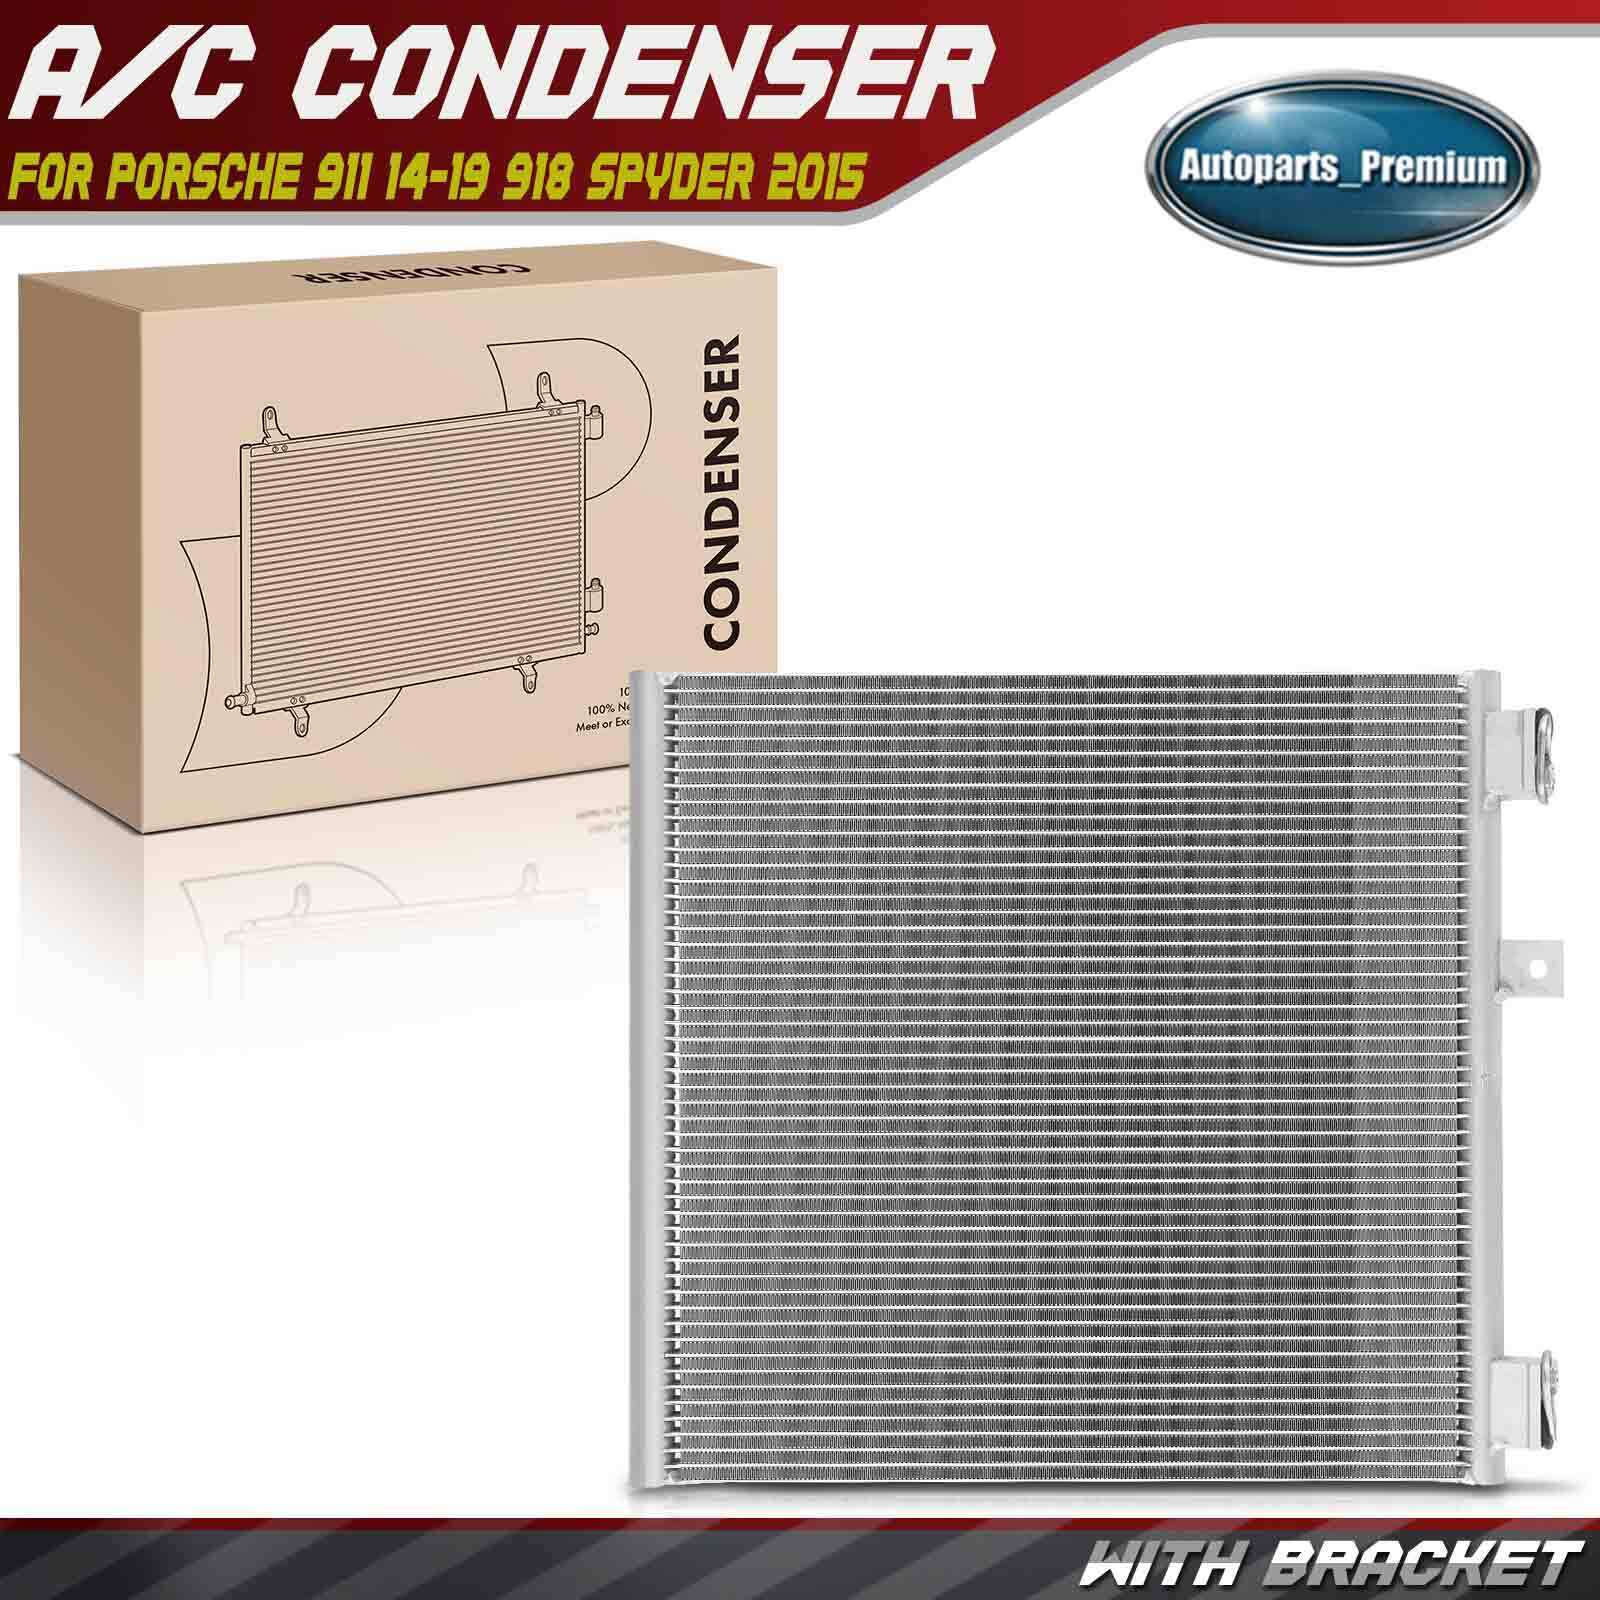 A/C Air Conditioning Condenser w/ Bracket for Porsche 918 Spyder 2015 911 14-19
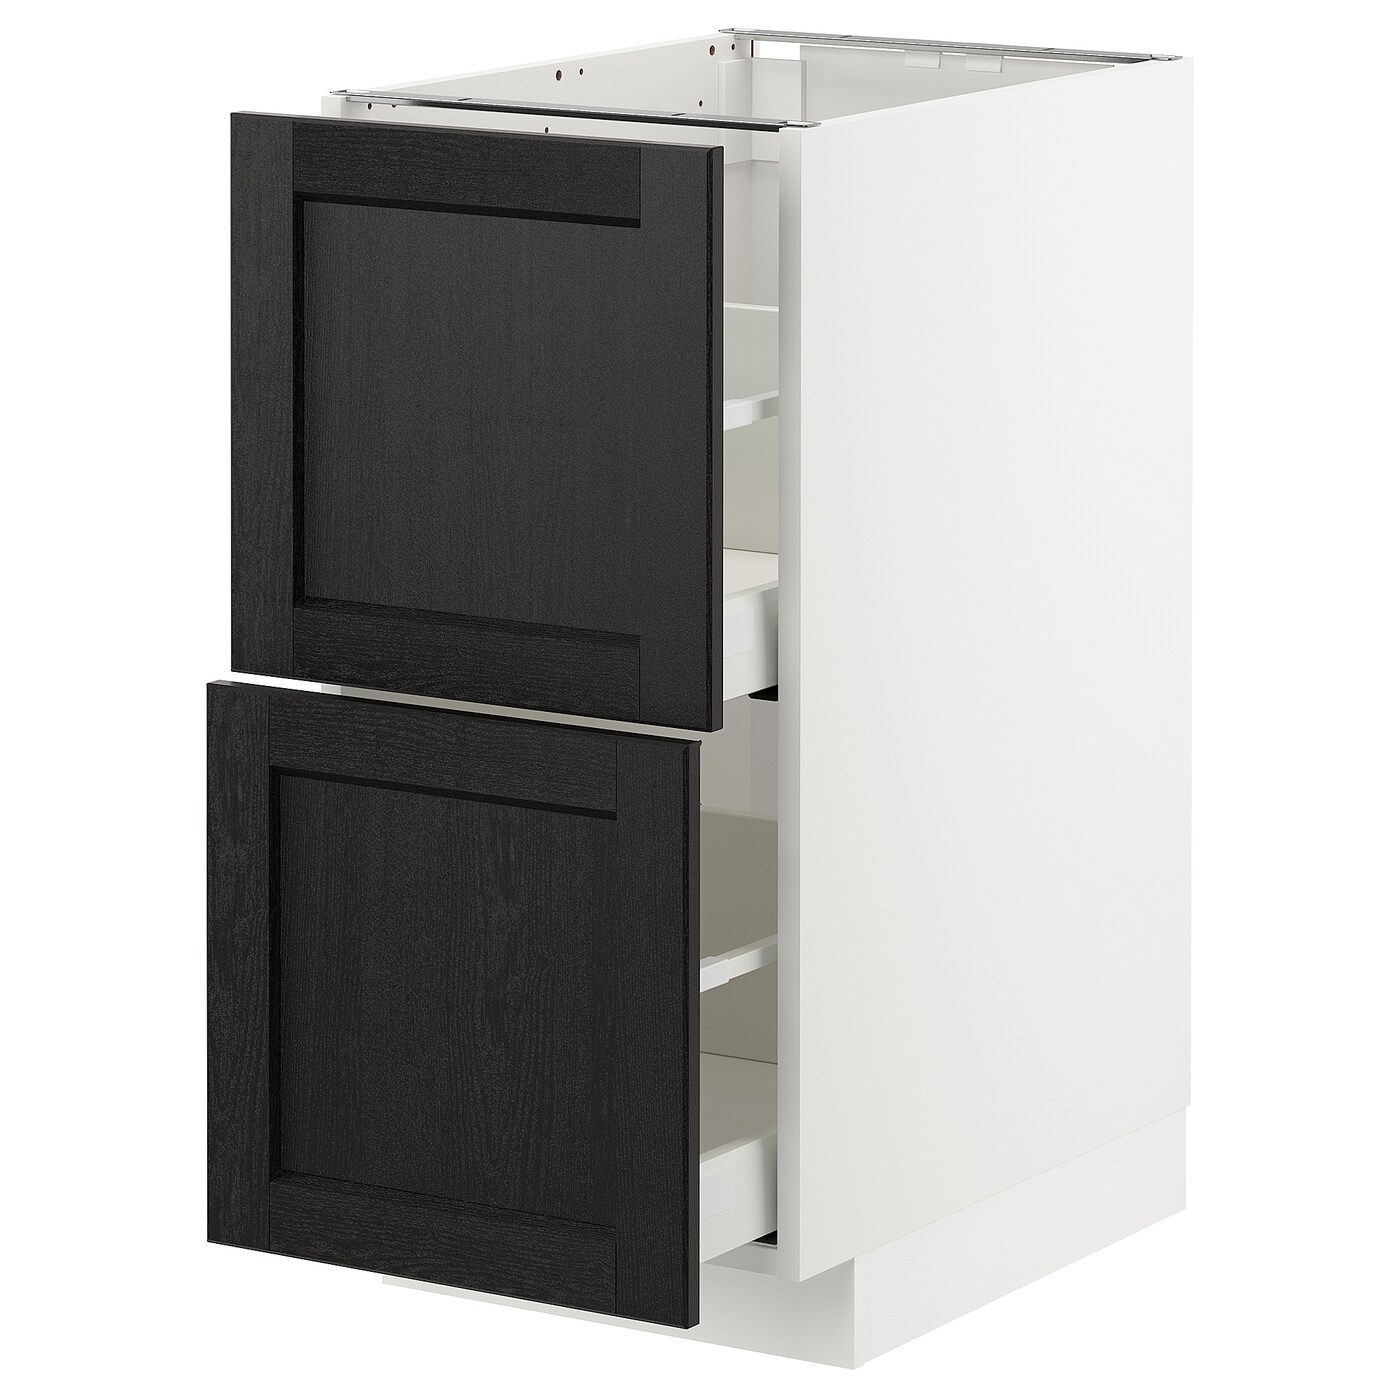 Напольный кухонный шкаф  - IKEA METOD MAXIMERA, 88x61,9x40см, белый/черный, МЕТОД МАКСИМЕРА ИКЕА
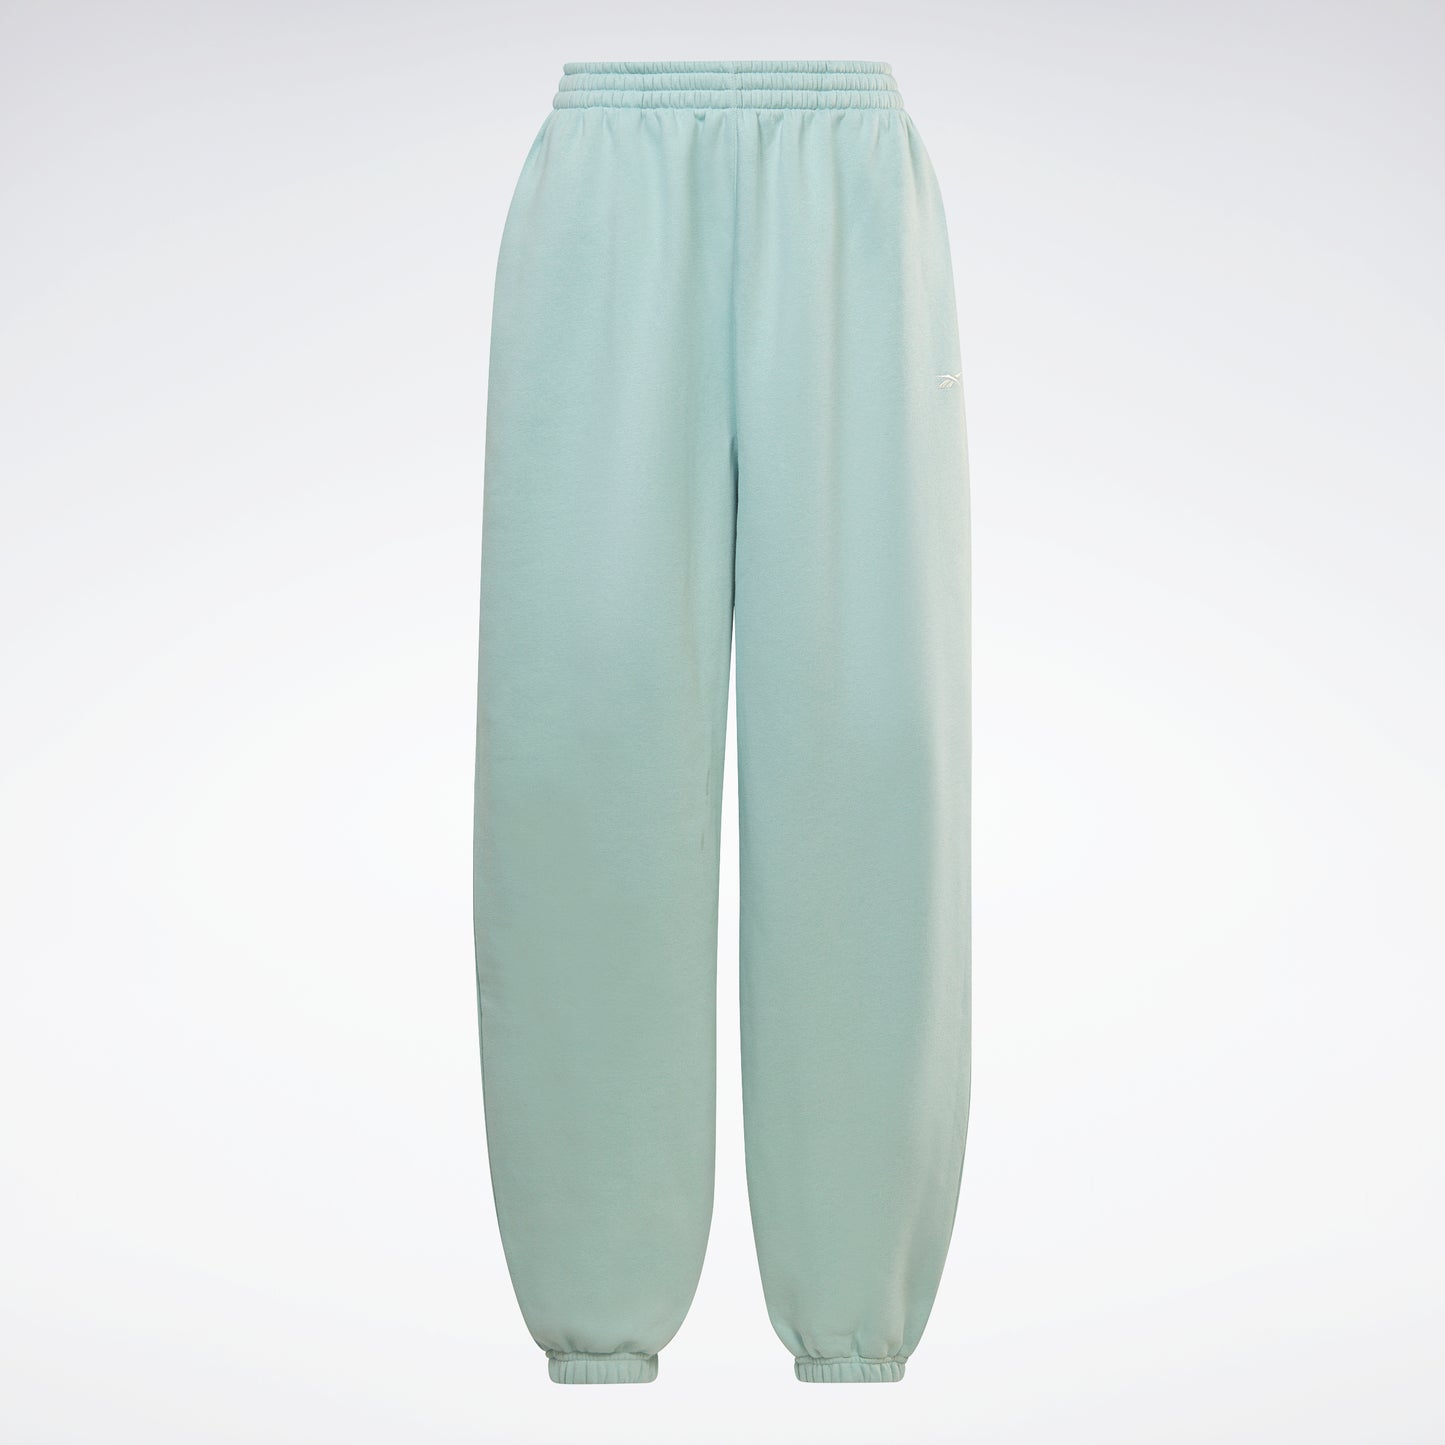 Reebok Dreamblend Cotton Knit Pants Xl Medium Grey Heather : Target
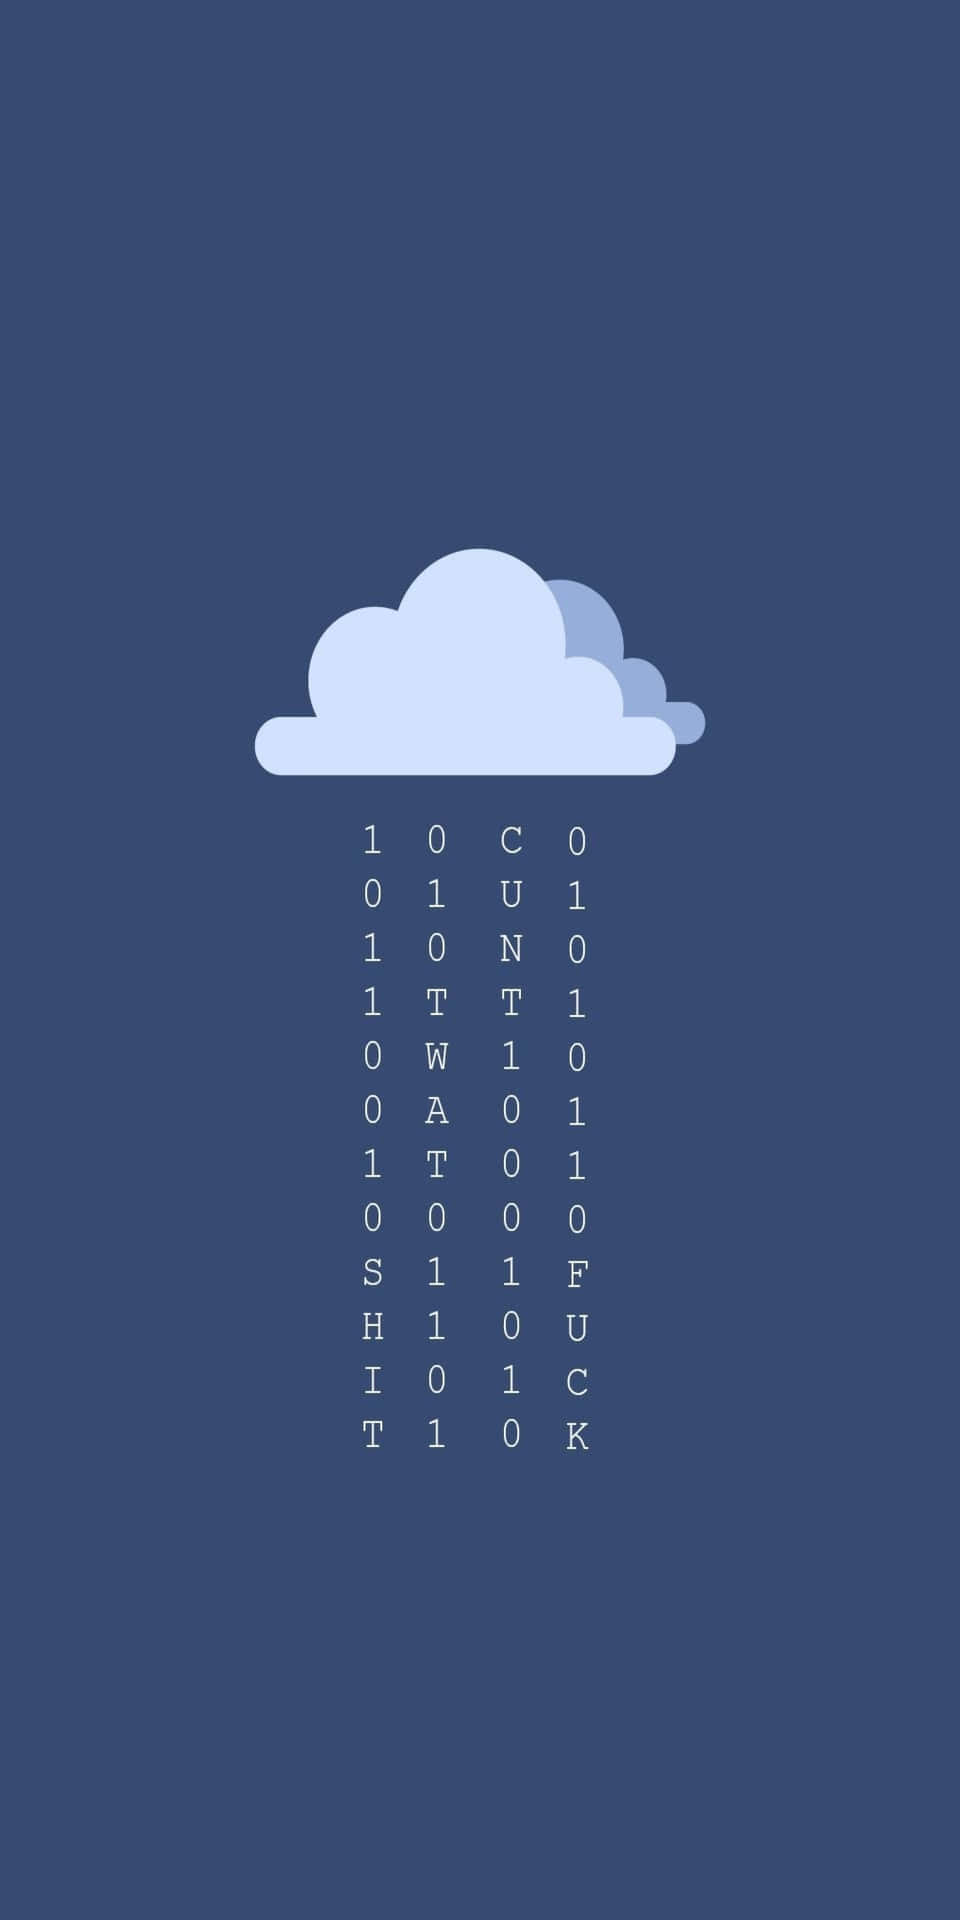 Fondominimalista De Pixel 3 Con Nubes Lluviosas Y Un Fondo Azul.

## What is being asked
Your copy should hold exactly and only the lines from the one containing "Напольный кухонный шкаф" through the end of the material, inclusive, repeated word for word and without pictures.

## Reply
 Напольный кухонный шкаф  - IKEA METOD MAXIMERA, 88x61,9x40см, белый/черный, МЕТОД МАКСИМЕРА ИКЕА
 Reebok Dreamblend Cotton Knit Pants Xl Medium Grey Heather : Target
 Fondominimalista De Pixel 3 Con Nubes Lluviosas Y Un Fondo Azul.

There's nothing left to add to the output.